How many integers divisble by 7 can you find in the interval [4500, 7000] ?

Could you please give me just a hint on how to proceed?

• March 16th 2008, 02:57 AM
Moo
Hello,

Firstly, i'll note that 7000 is a multiple of 7.

So we'll start from there.

The previous multiple of 7 will be obtained by substracting 7 to 7000, and so on.

So if you divide the interval into intervals of 7 numbers, ]a;b], these interval will contain one and only one multiple of 7.

Hence you "just" have to see how many intervals of this sort there are in [4500;7000], and this number is given by (7000-4500)/7.
• March 16th 2008, 03:02 AM
Coach
Except, that the number comes out as a decimal...
• March 16th 2008, 03:14 AM
Moo
I know :-)

But it's as if you could restrict your study to the interval [first multiple of 7 coming after 4500 = N; 7000]
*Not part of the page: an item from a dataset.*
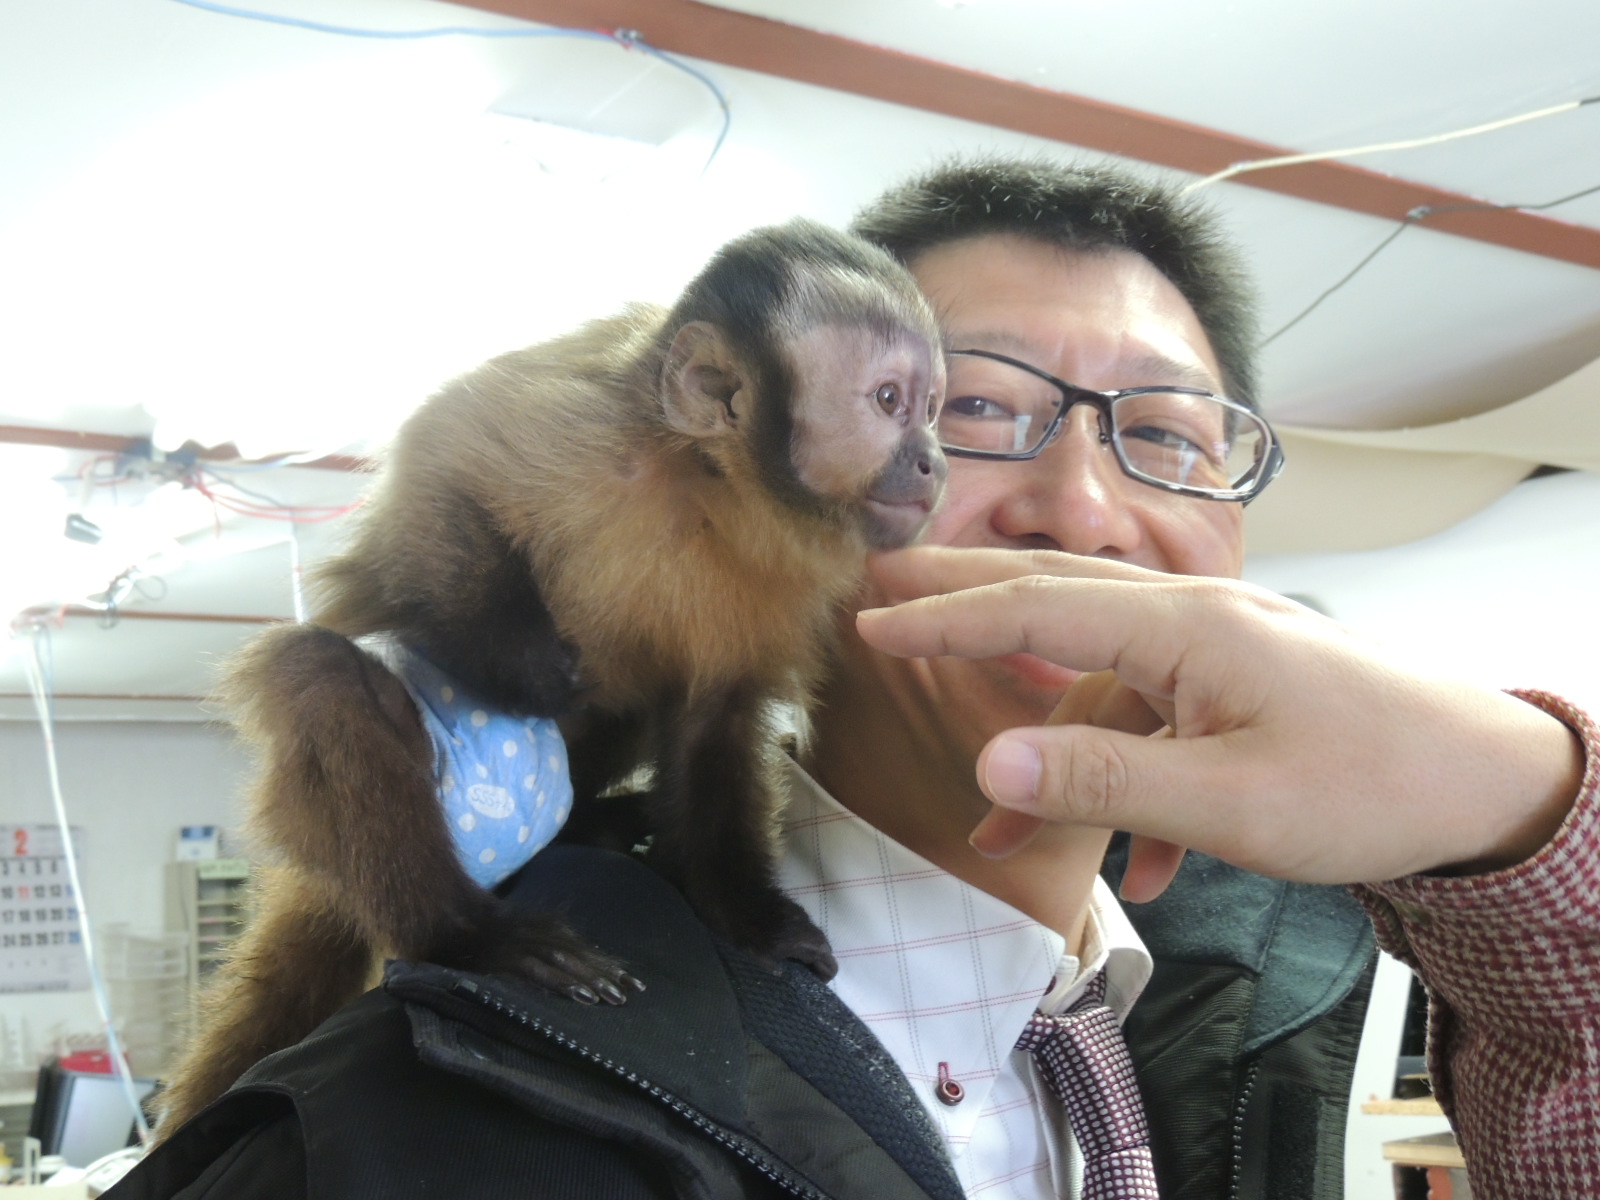 ちょ かわいいな O 寺坂農園にお猿さんが来た 北海道 富良野 感動野菜産直農家 寺坂農園ブログ

The number of multiples of 7 in [N;7000] will be (7000-N)/7 + 1 (because you count the extremity).
And this number is the same as the number of multiples of 7 in [4500;7000] because there is no multiple of 7 between 4500 and N.

So this shows that if you truncate (7000-4500)/7 by the inferior value (because (7000-4500)/7 = (7000-N)/7 + APositiveNumber) and add 1, you'll have the number you want.
This is the same as taking the superior integer of (7000-4500)/7

I don't know if it's clear enough (Blush)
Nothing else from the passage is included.